What’s rather galling is that we’re even going out of our way to stress the system can be improved, and that there are definitely particular regions where the quality of care is worse than others. No-one is pretending it’s a perfect system, which frankly would be impossible considering the size of the operation.

But could you please drop this weird line of argument that in a private system you were misdiagnosed, so clearly in a UHC system you’d have died, because it’s just a very poor position based on a complete non sequitur.

That isn’t the choice. The choice is what precentage of general taxation is channeled to healthcare and what, for example, goes to fund two pointless aircraft carriers at £3 billion each.

It’s not my dogma and I didn’t make up the numbers. I posted the official NHS numbers about delays in the system.

just a quick look on the net produced this:
Complaints about cancelled NHS appointments soar in one year
New figures show the number of patients complaining about cancelled appointments has risen by one fifth in a year.

…and what about the delays for people with no money in your system?

Its 2018. Why are you posting a cite from 2015 that uses figure from 2014/2015? You are aware that there will be 2016 figures and 2017 figures? Why aren’t you posting those?

And why do you think they are complaining? Do you think that maybe it has something to do with the UK austerity programme? The Royal Society of Medicine suggest that it is likely the austerity cuts have caused up to 30,000 deaths in England and Wales in 2015. I would suggest to you that massively underfunding a previously successful healthcare system is likely to cause a few complaints. The system still works. But if you don’t fund it properly it isn’t going to work as well. That’s an issue that people in the UK are dealing with now. But that doesn’t point to a failure in the system, but to a failure of the people who oversee the system.

So maybe don’t rely on “quick searches on the net.” You’ve got no experience with universal healthcare systems. You have no real basis for comparison. You are welcome to express your view: but the OP explicitly asked for no comparisons to the US, you should really make an effort to comply with their wishes.

You seem to purposefully refuse to understand this.

You may be labouring under the misapprehension that you, as a USA taxpayer, are not paying into the government healthcare system.

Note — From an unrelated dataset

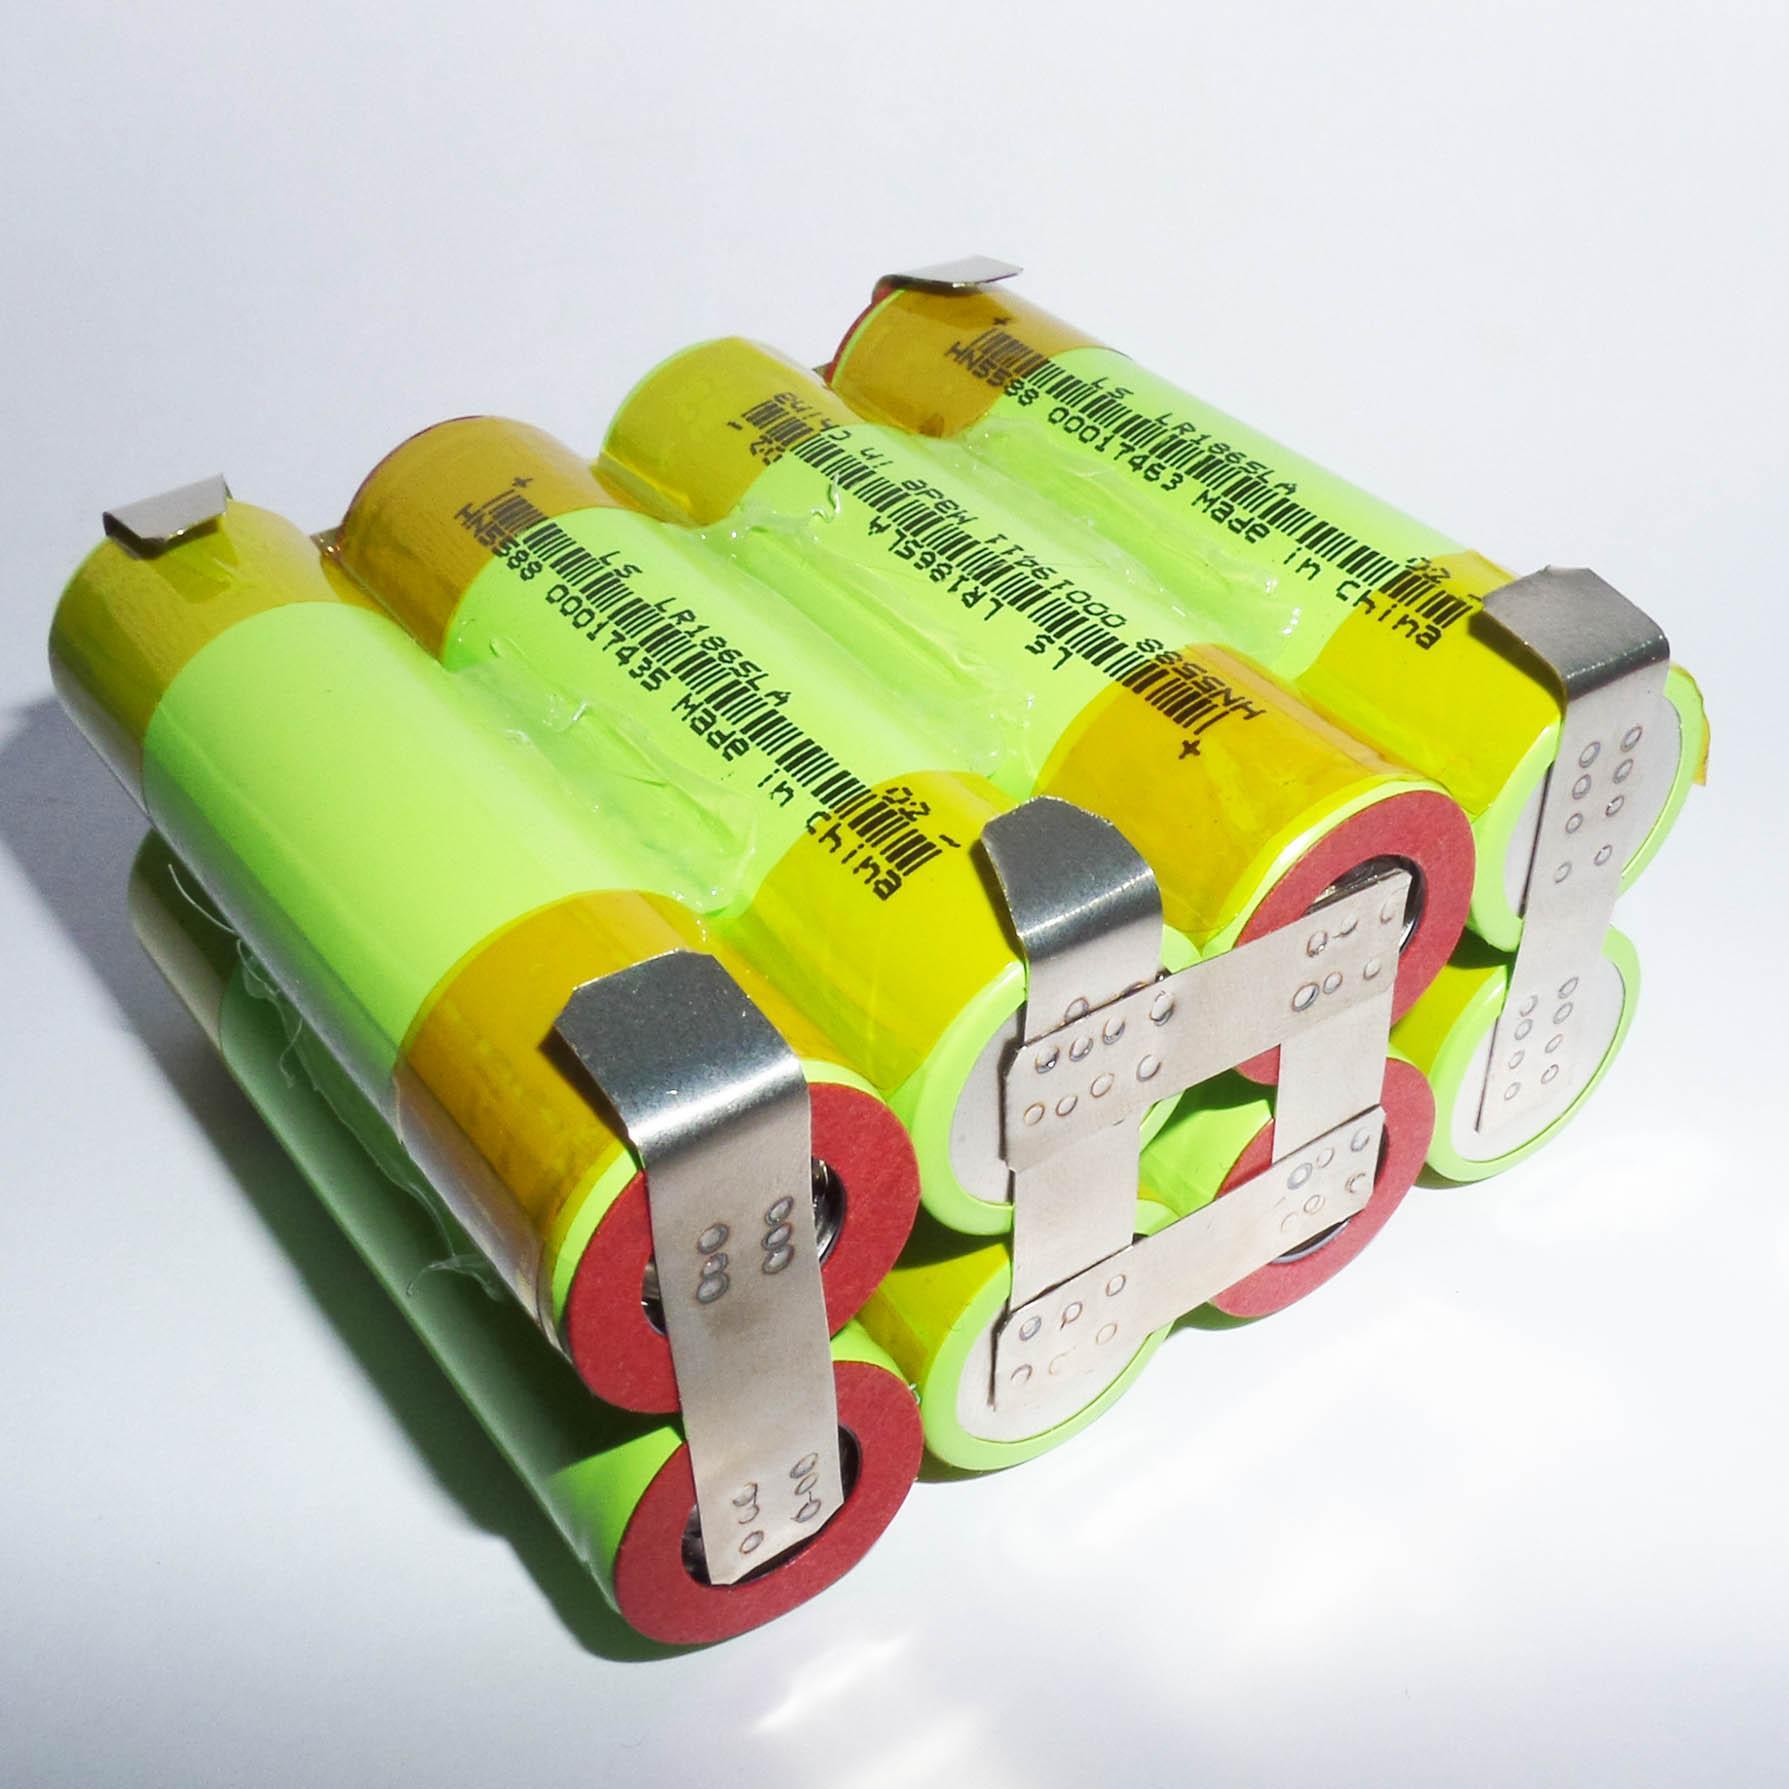 Pack pin 14.4V Cell LiShen 4S2P - dung lượng 4AH - Dòng xả 40A - Sử dụng thay thế cho lõi pin MAKITA 14.4V, 16.8V

You are, and you already pay more per capita than we in the UK and your government systems don’t even cover everyone.

So you are already paying twice and paying much more than a similar UK privately-insured citizen so the comparison is valid.

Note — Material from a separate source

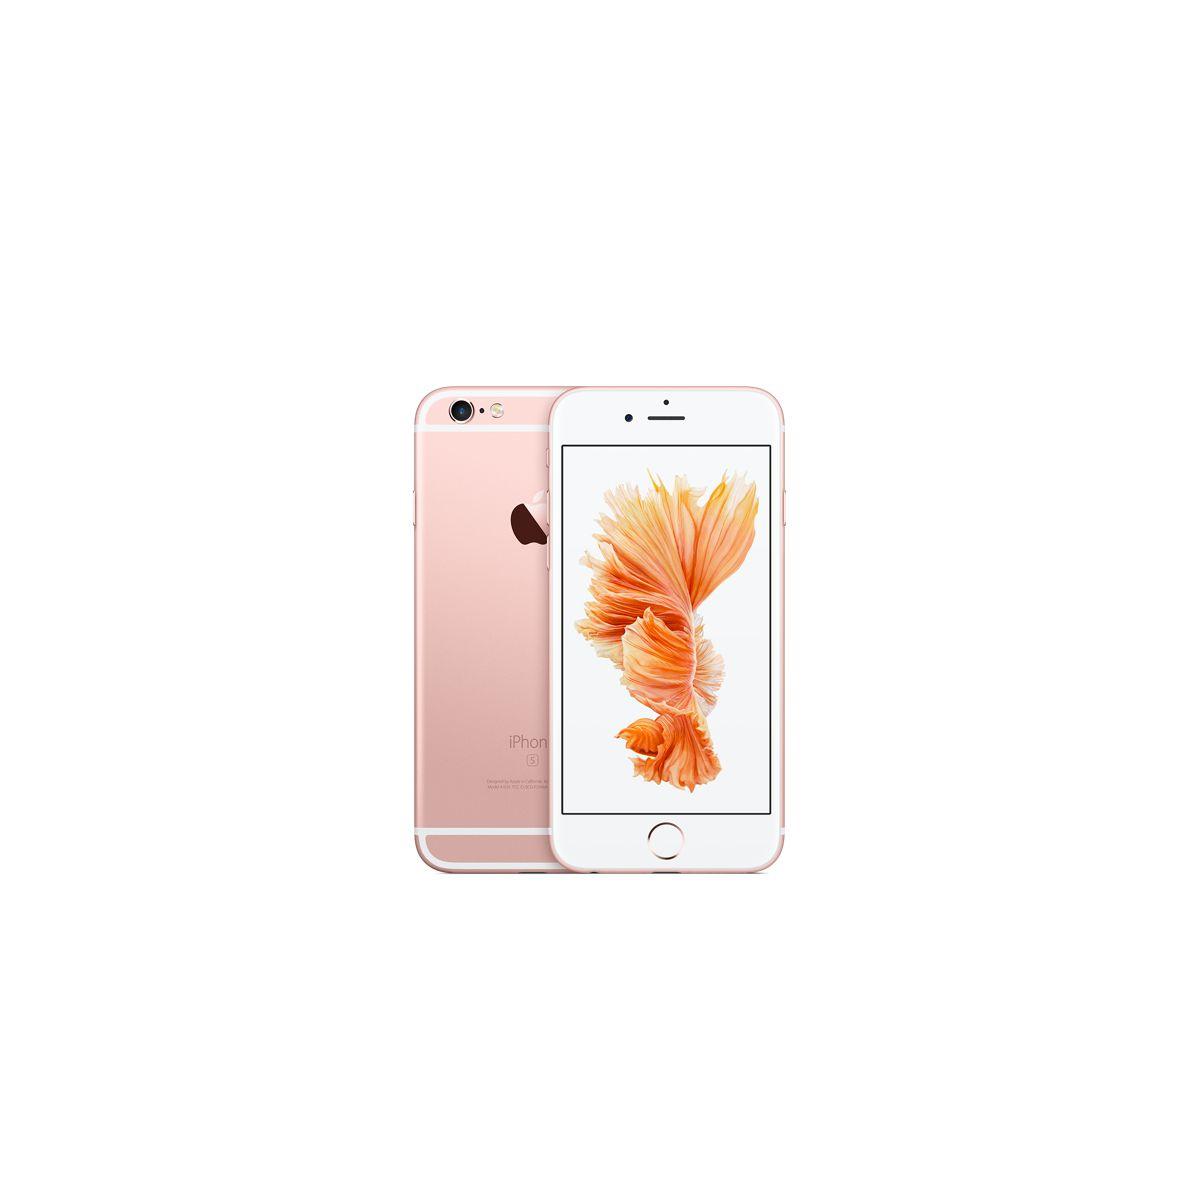 Apple iphone 6s 128go or rose - 2% de remise immédiate avec le code : fete2 (photo)

But more important is the comparison of the experience of a non-tax paying, non-insured person in the states v the same person in the UK. What is the relative experience of each of them?

I think that’s what I meant by ‘throwing’ money at it. Similarly to you, I work in the NHS, and have seen how money is squandered, unnecessarily. More money is needed, but it’s needed to help adapt the NHS into a more efficient place.

Agreed, and there are pockets of dedicated NHS people who see this and know this but are hamstrung by the collective culture.
That culture being equal parts brilliant (hard-working, empathetic, dedicated) and obstructive (unwilling to change, ideologically fixed). It is a very difficult nut to crack.

Much of UK industry was hampered by the anti-management attitudes of the 1970/80s. Some, like the Rail companies, still are. In the NHS, the divide is not so much workers vs management but medical vs bureaucracy. Speak to a nurse or a doctor and they will tell you that the problems of the NHS are that there are too many bureaucrats. Speak to a manager and they will tell you that the Consultants and the unions frustrate any reforms that they try to implement. The ancillary staff like radiologists, dental, ophthalmic fall somewhere in between, but I know very well that running, even a medium-sized hospital (budget £160m in 2010) is a very difficult trick to pull off well.

I was just reading through all of these posts and I’ve got to say that those of you from the U.K. are so very eloquent when debating, it is very admirable and fascinates me when I see your input and perspective on issues.